● **Collected material**
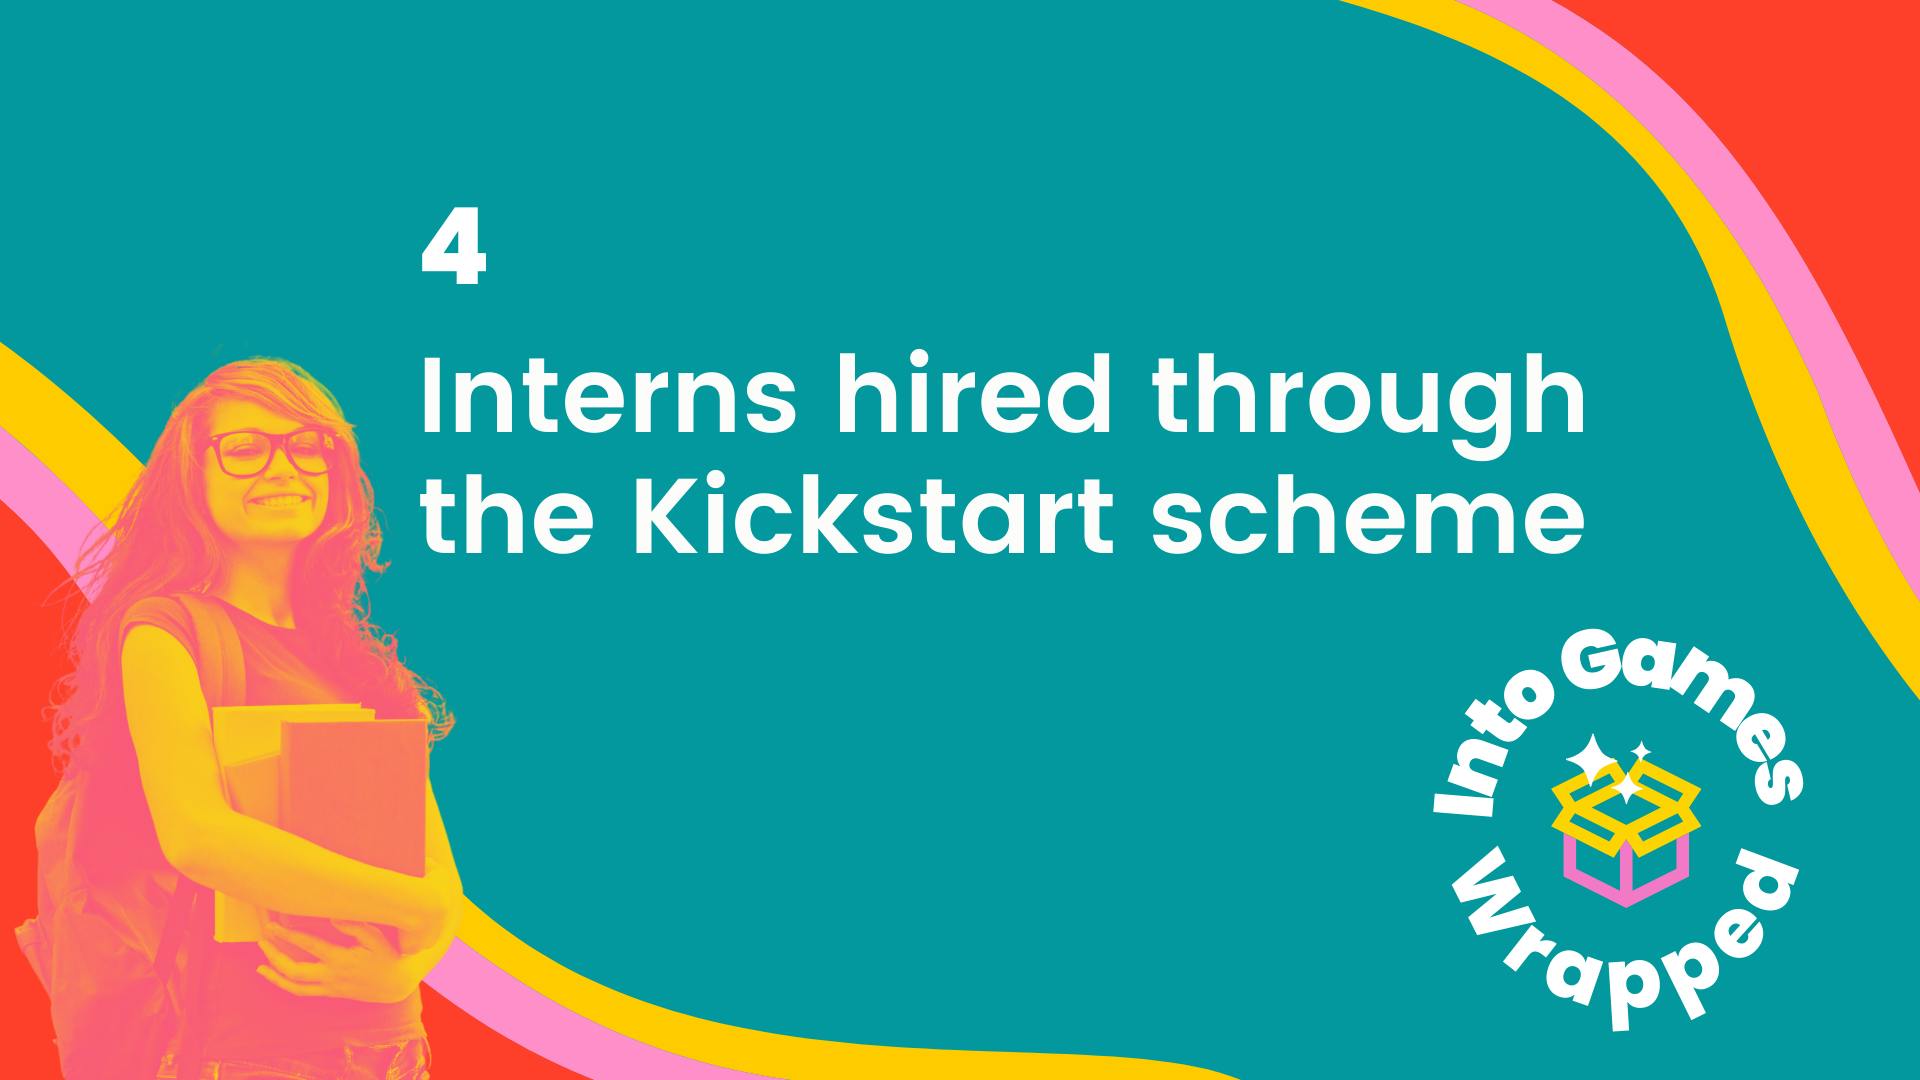 4 interns hired through the Kickstart scheme
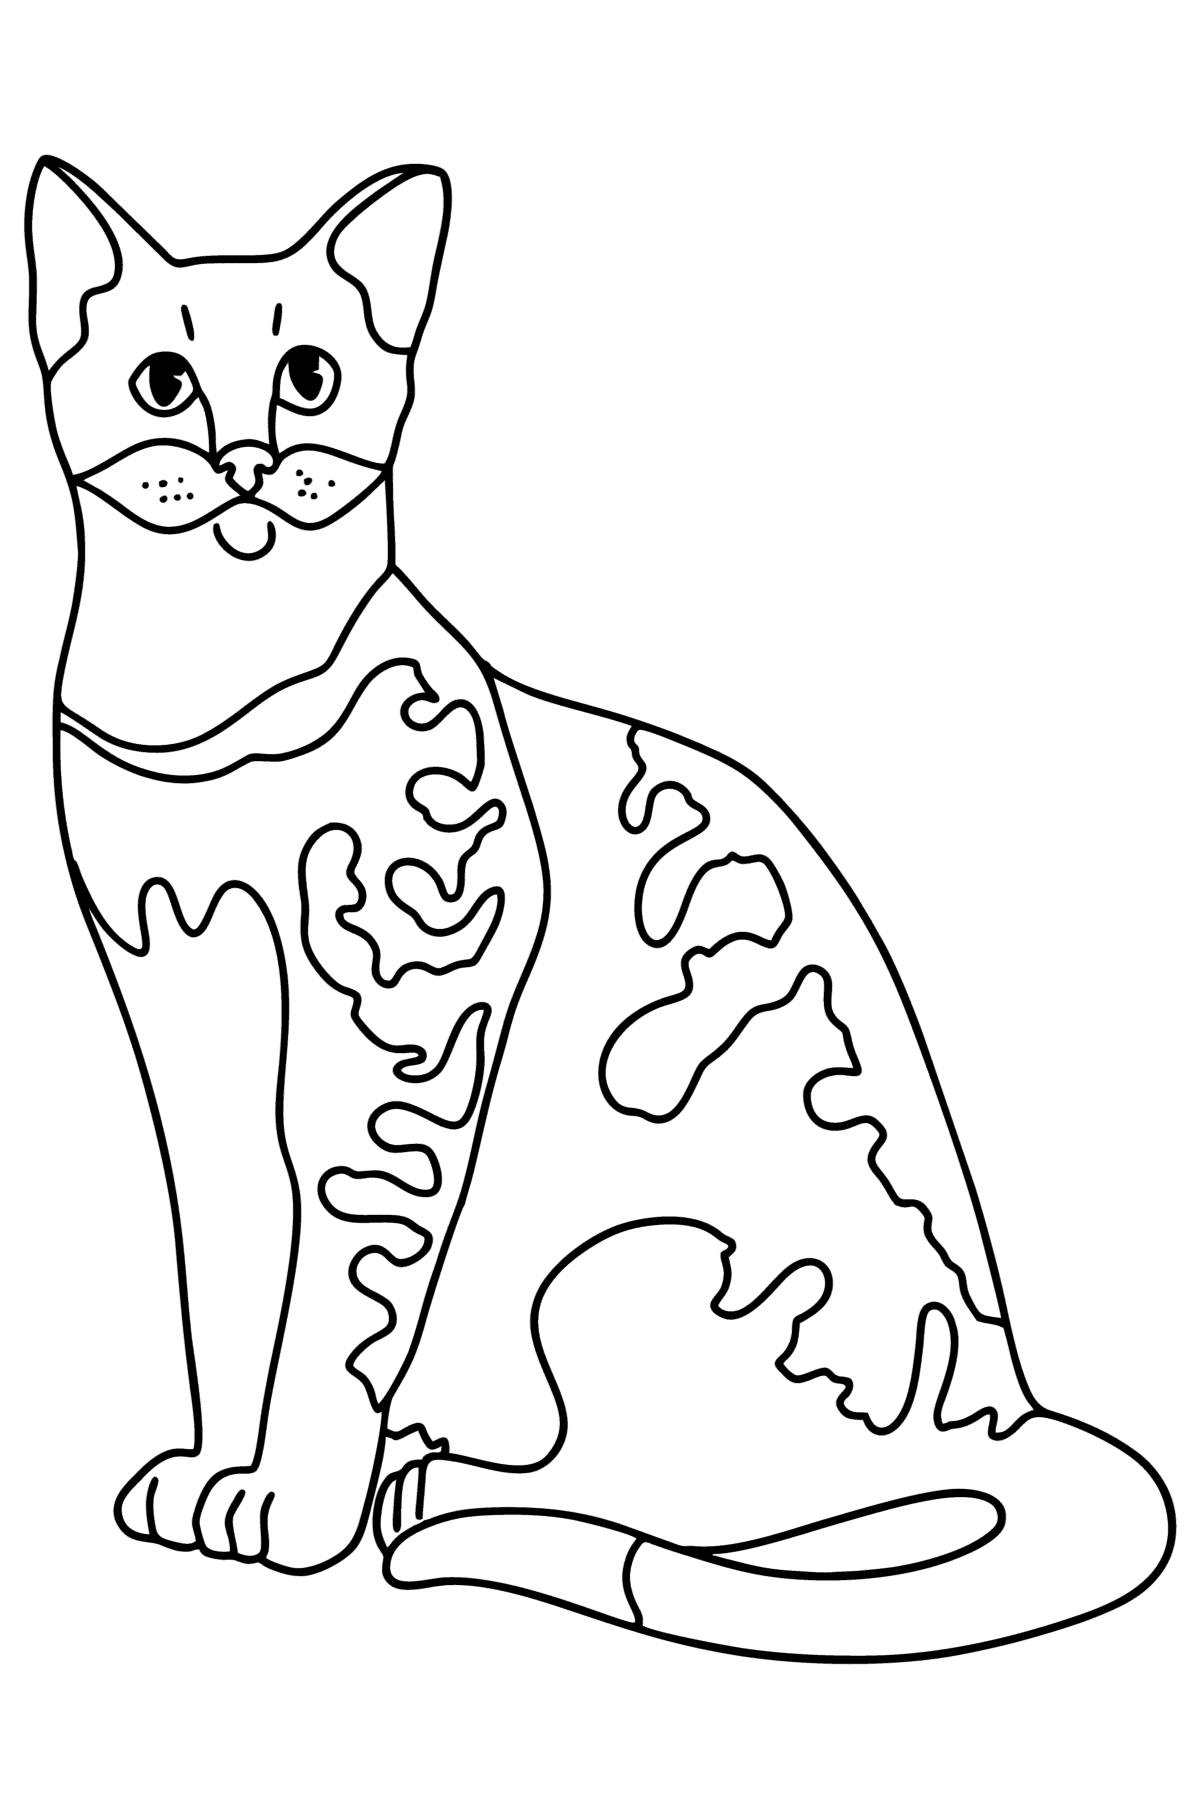 Kleurplaat Egyptische Mau cat - kleurplaten voor kinderen
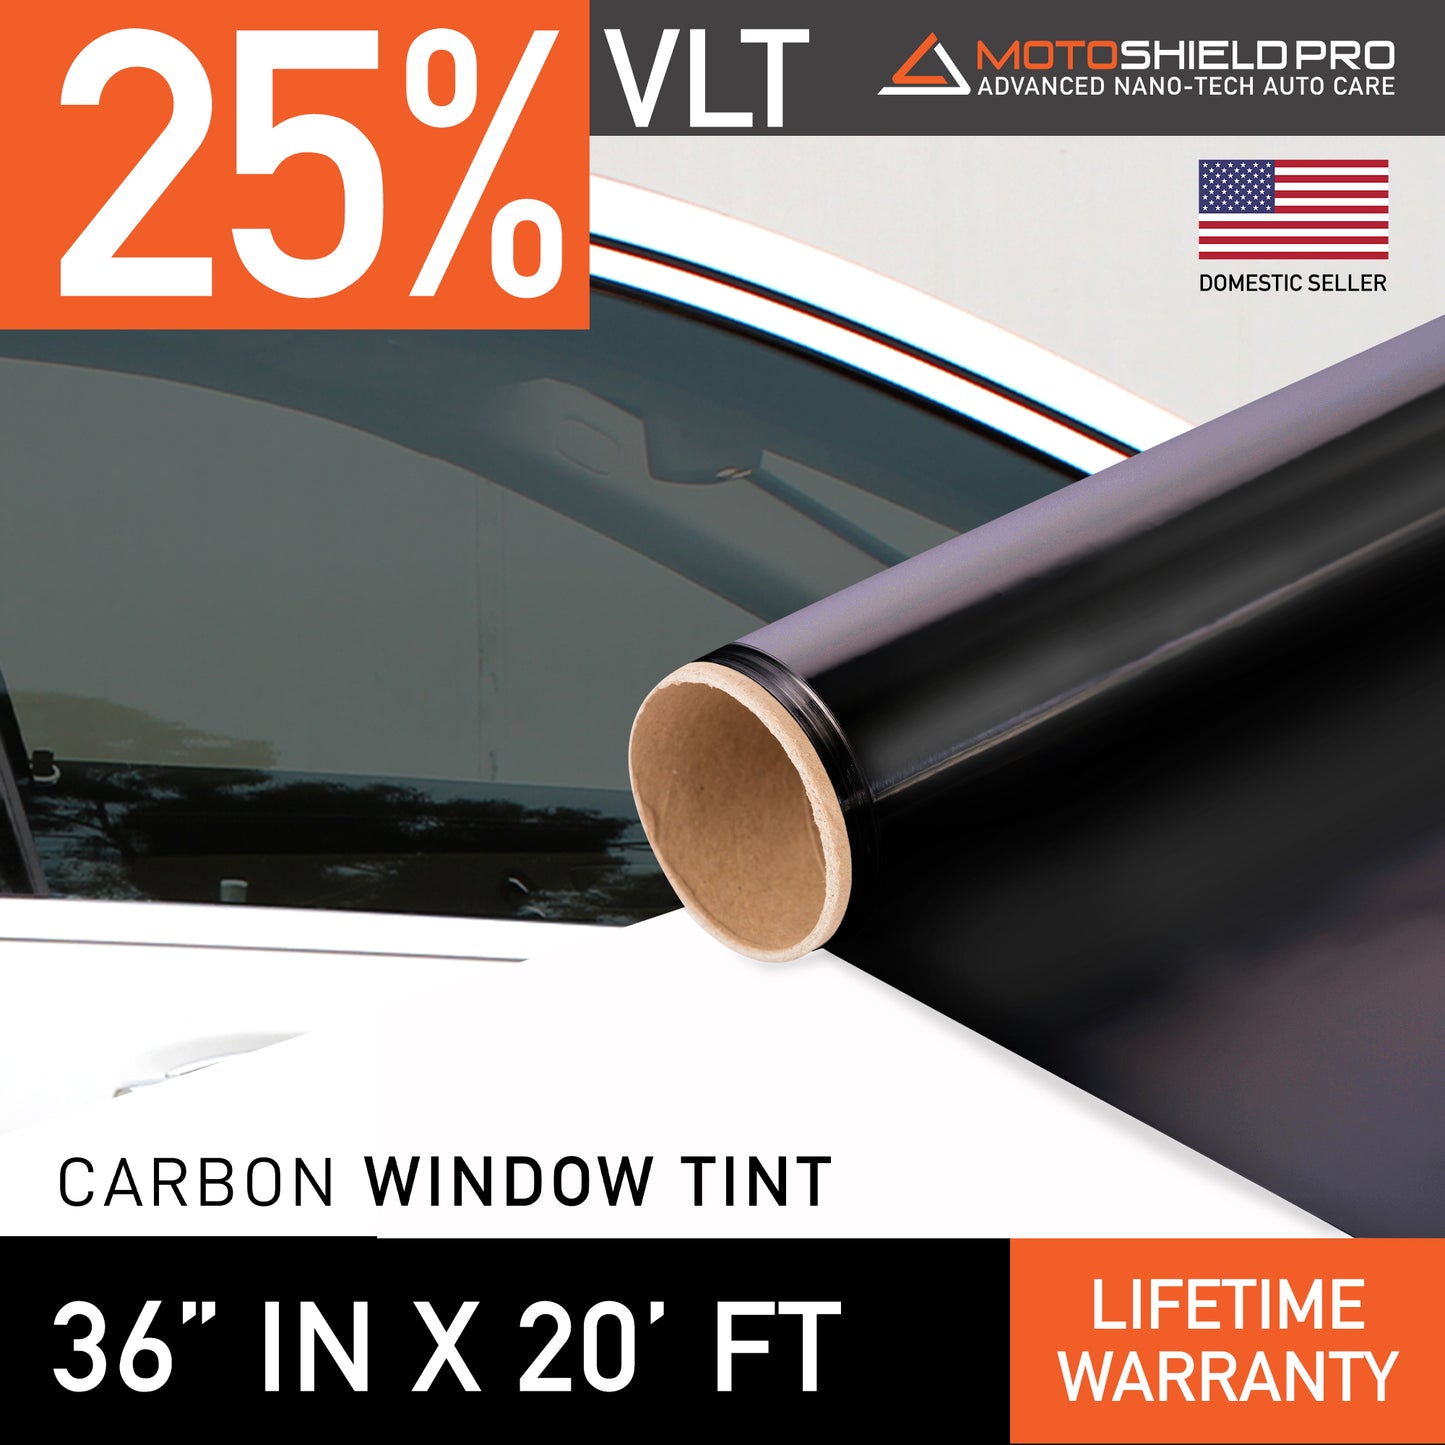 MotoShield Pro Carbon Window Tint - 36" in x 20' ft Roll + Lifetime Warranty

● **Instructions for the task**
Restate every line above exactly, omitting images.

● **Result for this task**
 4 interns hired through the Kickstart scheme
 Kleurplaat Egyptische Mau cat - kleurplaten voor kinderen
 MotoShield Pro Carbon Window Tint - 36" in x 20' ft Roll + Lifetime Warranty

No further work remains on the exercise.